Department of Imaging Physics, Delft University of Technology, Delft, The Netherlands.
Department of NanoBiophotonics, Max Planck Institute for Biophysical Chemistry, Göttingen, Germany.
Nat Commun. 2021 May 14;12(1):2847. doi: 10.1038/s41467-021-22006-5.

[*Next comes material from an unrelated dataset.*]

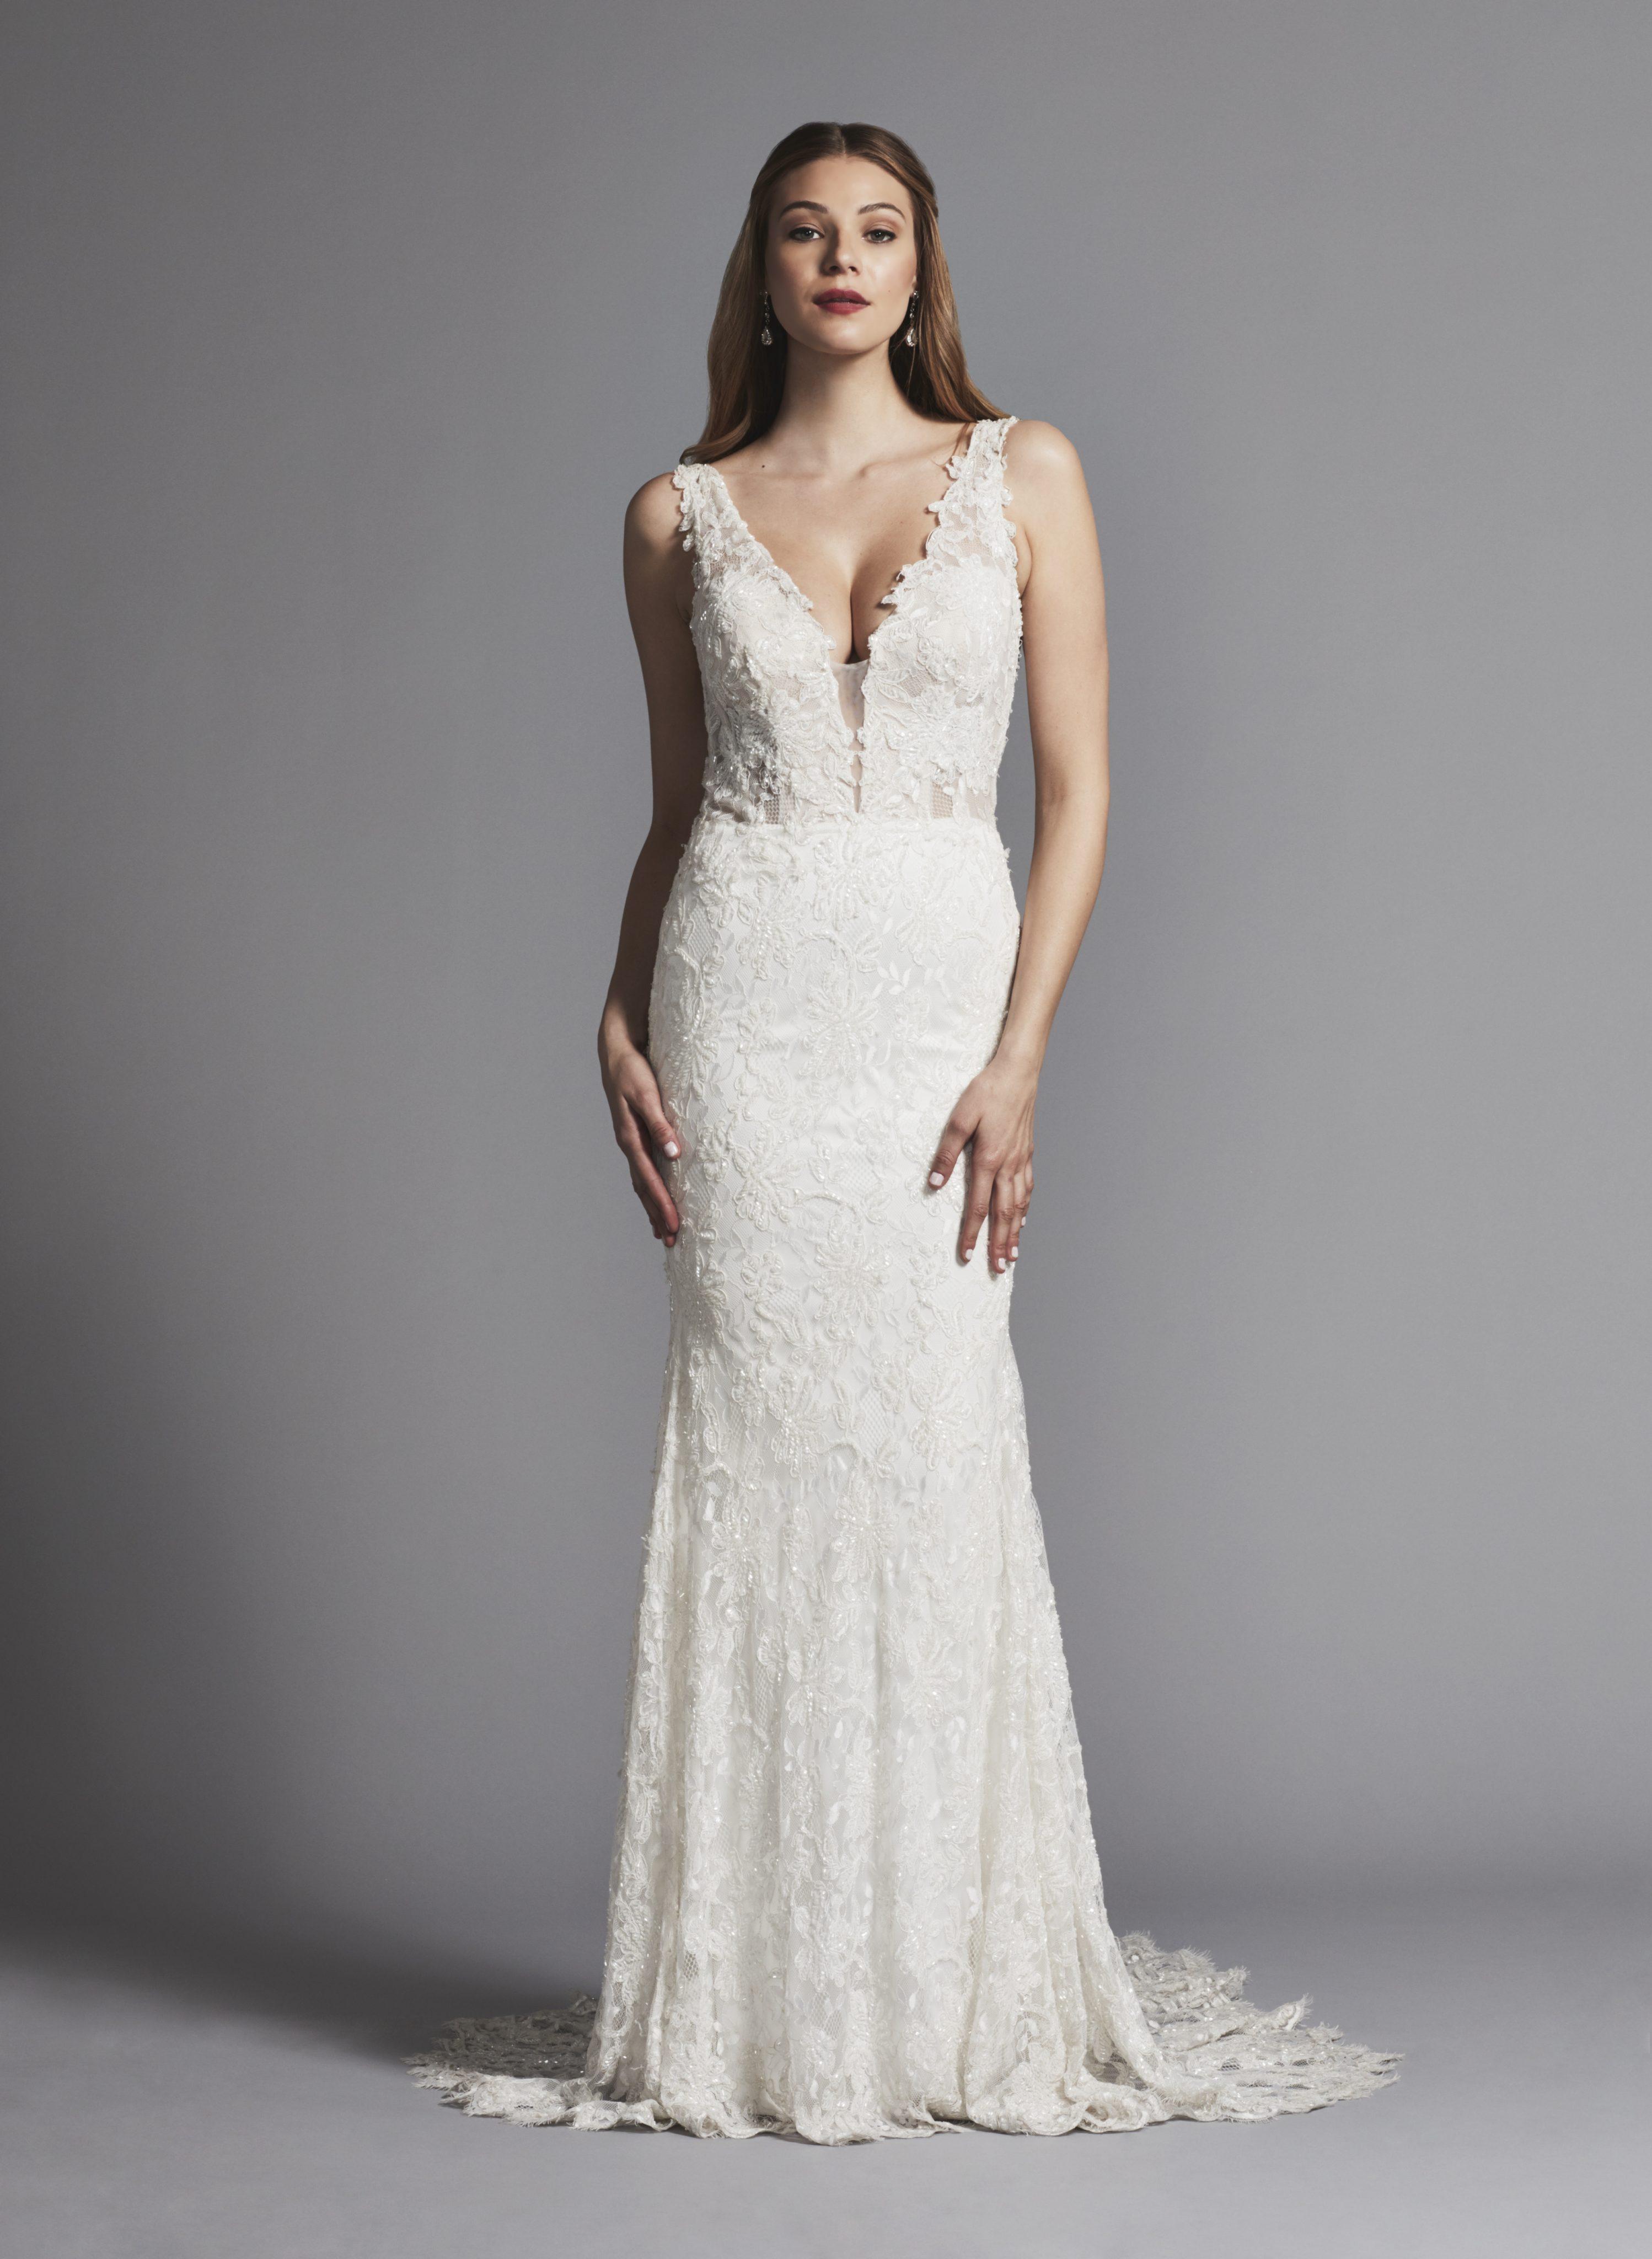 Israeli Wedding Dress Designer London

Single molecule localization microscopy offers in principle resolution down to the molecular level, but in practice this is limited primarily by incomplete fluorescent labeling of the structure. This missing information can be completed by merging information from many structurally identical particles. In this work, we present an approach for 3D single particle analysis in localization microscopy which hugely increases signal-to-noise ratio and resolution and enables determining the symmetry groups of macromolecular complexes. Our method does not require a structural template, and handles anisotropic localization uncertainties. We demonstrate 3D reconstructions of DNA-origami tetrahedrons, Nup96 and Nup107 subcomplexes of the nuclear pore complex acquired using multiple single molecule localization microscopy techniques, with their structural symmetry deducted from the data.
单分子定位显微镜原则上可以提供达到分子水平的分辨率,但实际上这主要受到结构中不完全荧光标记的限制。可以通过合并来自许多结构相同的粒子的信息来完成这些缺失的信息。在这项工作中,我们提出了一种用于定位显微镜中单粒子分析的方法,该方法大大提高了信噪比和分辨率,并能够确定大分子复合物的对称群。我们的方法不需要结构模板,并处理各向异性的定位不确定性。我们展示了使用多种单分子定位显微镜技术获得的 DNA 折纸四面体、核孔复合物的 Nup96 和 Nup107 亚复合物的 3D 重建,其结构对称性是从数据中推断出来的。